En mi ya larga vida he hecho muchos kilómetros por tierra mar y aire. Por ejemplo: he ido de turismo a Moscú y de safari a Sudáfrica y he cruzado varias veces el Atlántico. Y siempre he retornado al lugar de partida: esta bella plaza de San Nicolás a la que he estado asomado desde mi niñez. Esta querida plaza que sobrevivió a la supresión de los azulejos de Anibal González en sus bancos y a la instalación de los sobrios aros olímpicos de cemento. Pero siguen el pavimento de chino cordobés y sus airosas y altísimas palmeras.

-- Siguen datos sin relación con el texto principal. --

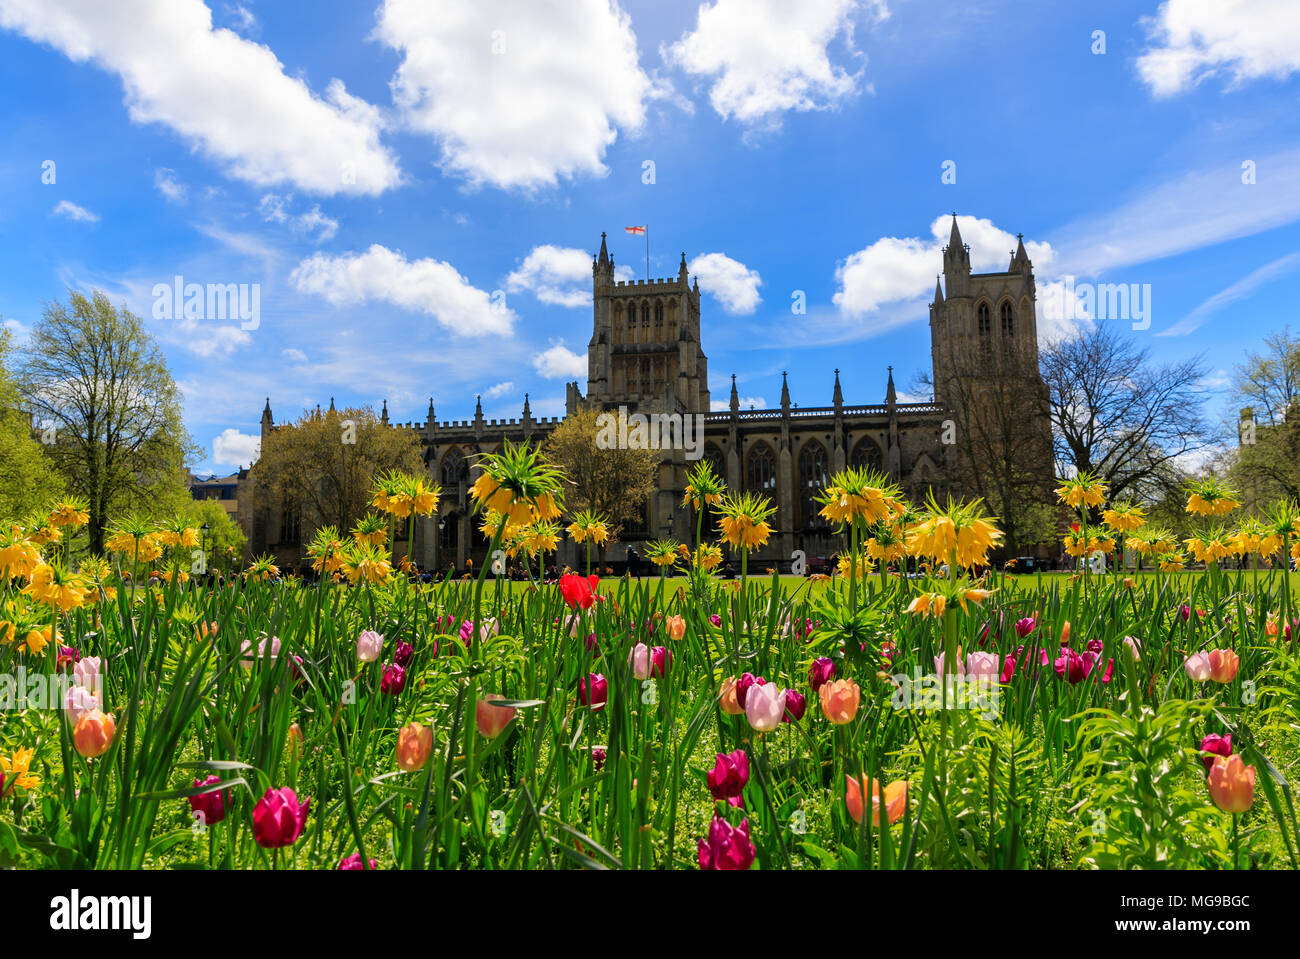 Für den Frühling vor der Kathedrale von Bristol. Blumen im Vordergrund edie Kathedrale in den Boden zurück. Blauer Himmel mit flauschigen weissen Wolken. Stockfoto

Y todo al amparo de la recoleta iglesia fernandina de San Nicolás en la que se venera al Señor de la Sentencia, en escultura que mi padre encargó y pagó a Martinez Cerrillo.
Esta plaza es un lugar ideal para reuniones, con independencia de la simpatía o antipatía con que nos sirvan el café o la cerveza.
Hace años Carmelo Casaño y yo creamos una tertulia semanal cafetera que nos ofrece interesantes conversaciones sobre temas de arte y cultura sin asomo de petulancia. Siempre acudimos a ella con ánimo de escuchar y nos vamos con ganas de volver.
Pienso que debemos estar bien emplazados.
Yo desde luego yo lo estoy.
En esta mi plaza la palabra ajena y la cerveza fría se reciben con gusto.